I wanted to see Grumen’s Chinese Theater before I left, and I finally found it a few blocks away on Hollywood Blvd. The sun was coming up; the tops of the buildings were soaking in the light. There was a relay going on, and the people of the night were handing the baton over to the people of the morning. The bus stops were filling up with tired-looking people, most of them Hispanic or black, and most seemed to be headed into the richer neighborhoods of Beverly Hills and Belair. I suspect these were the domestics, the ones who mowed the neatly landscaped yards, who tended the dogs and washed the cars and a thousand other menial jobs. Some of these people stared at me with fierce pride, but most simply seemed to be asleep on their feet , thinking of the last moment of love’s embrace or of bills to be paid .

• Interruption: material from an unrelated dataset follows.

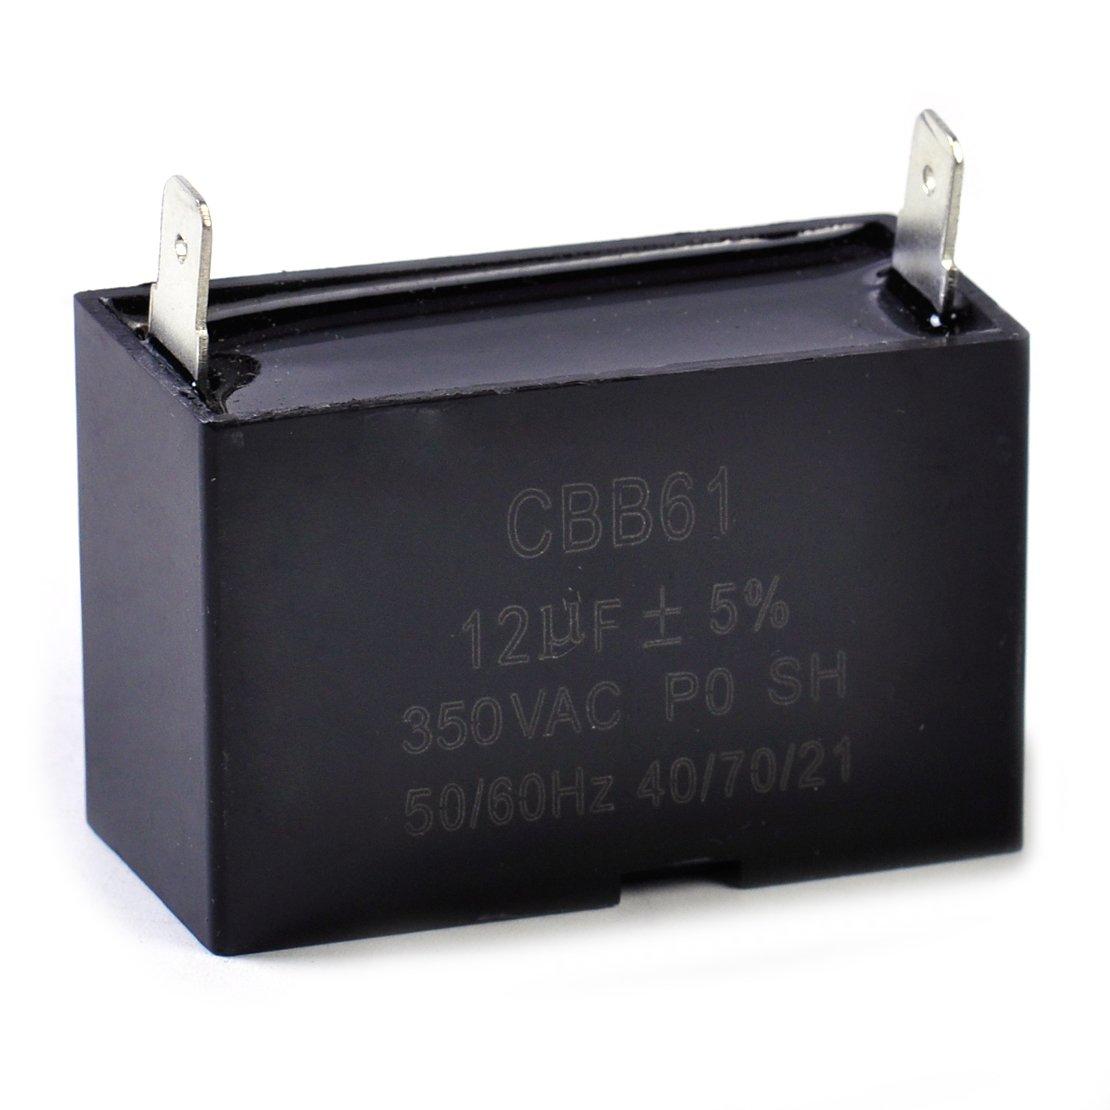 Vendedor cumplido eastar CBB61 12uF Peque/ño generador de Gasolina Capacitor 350 Vac 50 60HZ Motor de Ventilador de Techo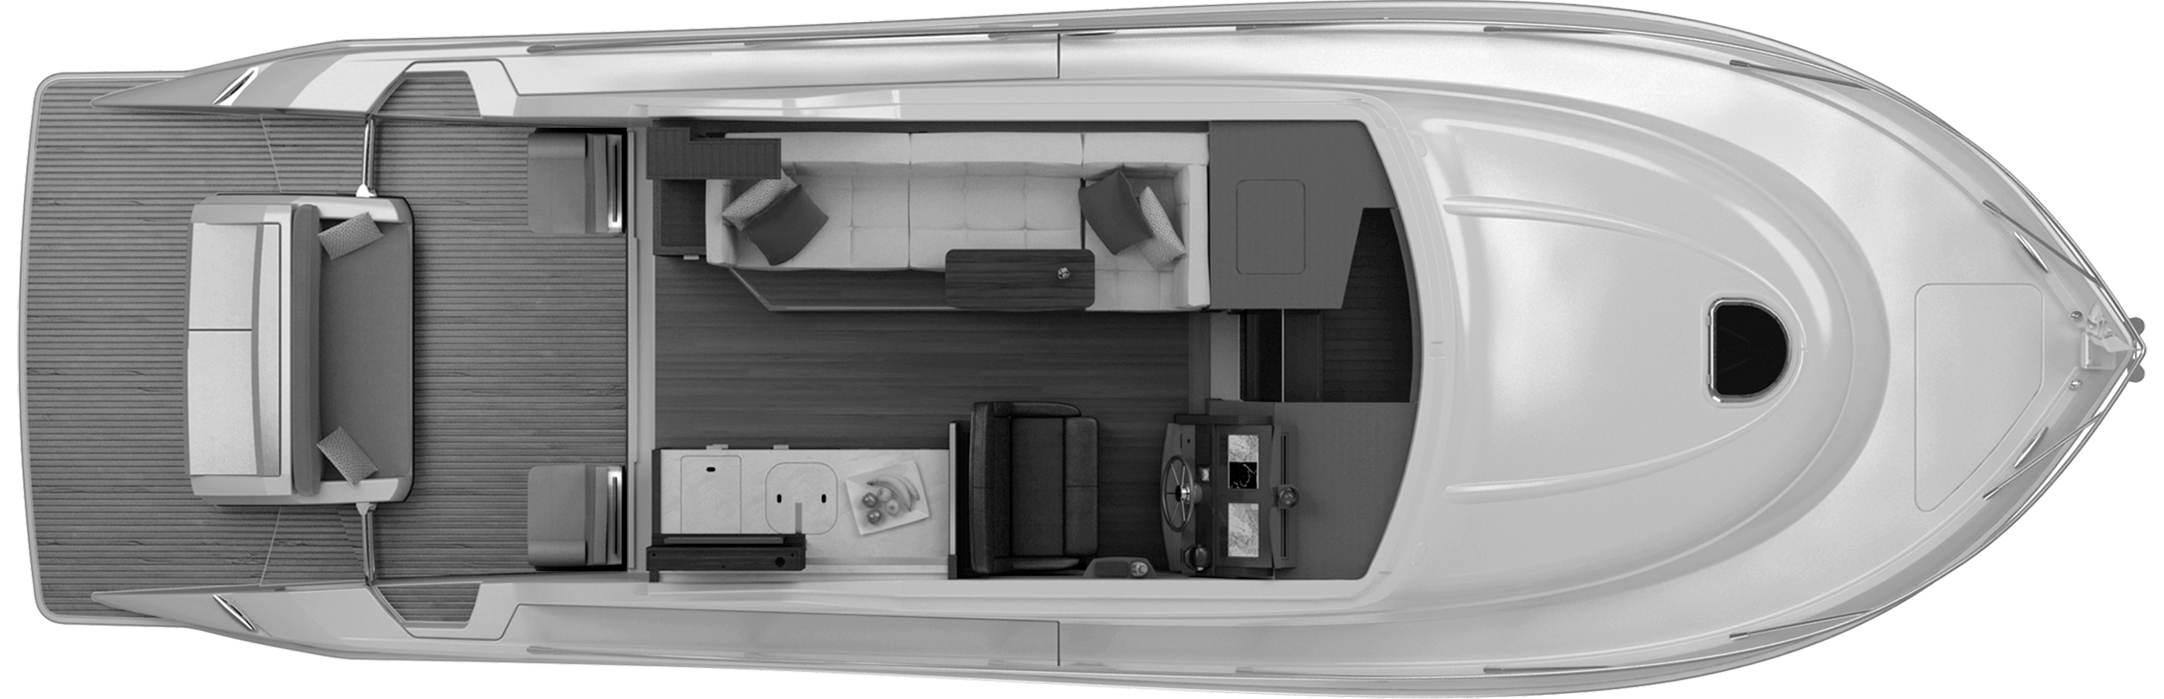 39 Coupe Floor Plan 2

I pulled into a Denny’s for a cup of coffee and a quick breakfast. I know I must have had a book with me; if I eat alone, I have to have something to read with me. I’m sure there is something Freudian about that, but I think I will save the money on the exam and use it to buy more books. I was probably in Denny’s for about an hour, and when I came out I saw a new crowd taking the baton. These were the secretaries and the young executives, some at the bus stops and some in their own cars, filling up the Strip once again. As I looked at these people, I saw some staring back defiantly and others asleep, thinking of last moments of love’s embrace or bills to be paid.
My next stop was Chula Vista, just South of San Diego. There was a dear online friend I planned to visit there; her screen name was Quietedone, and her real name was Cathi.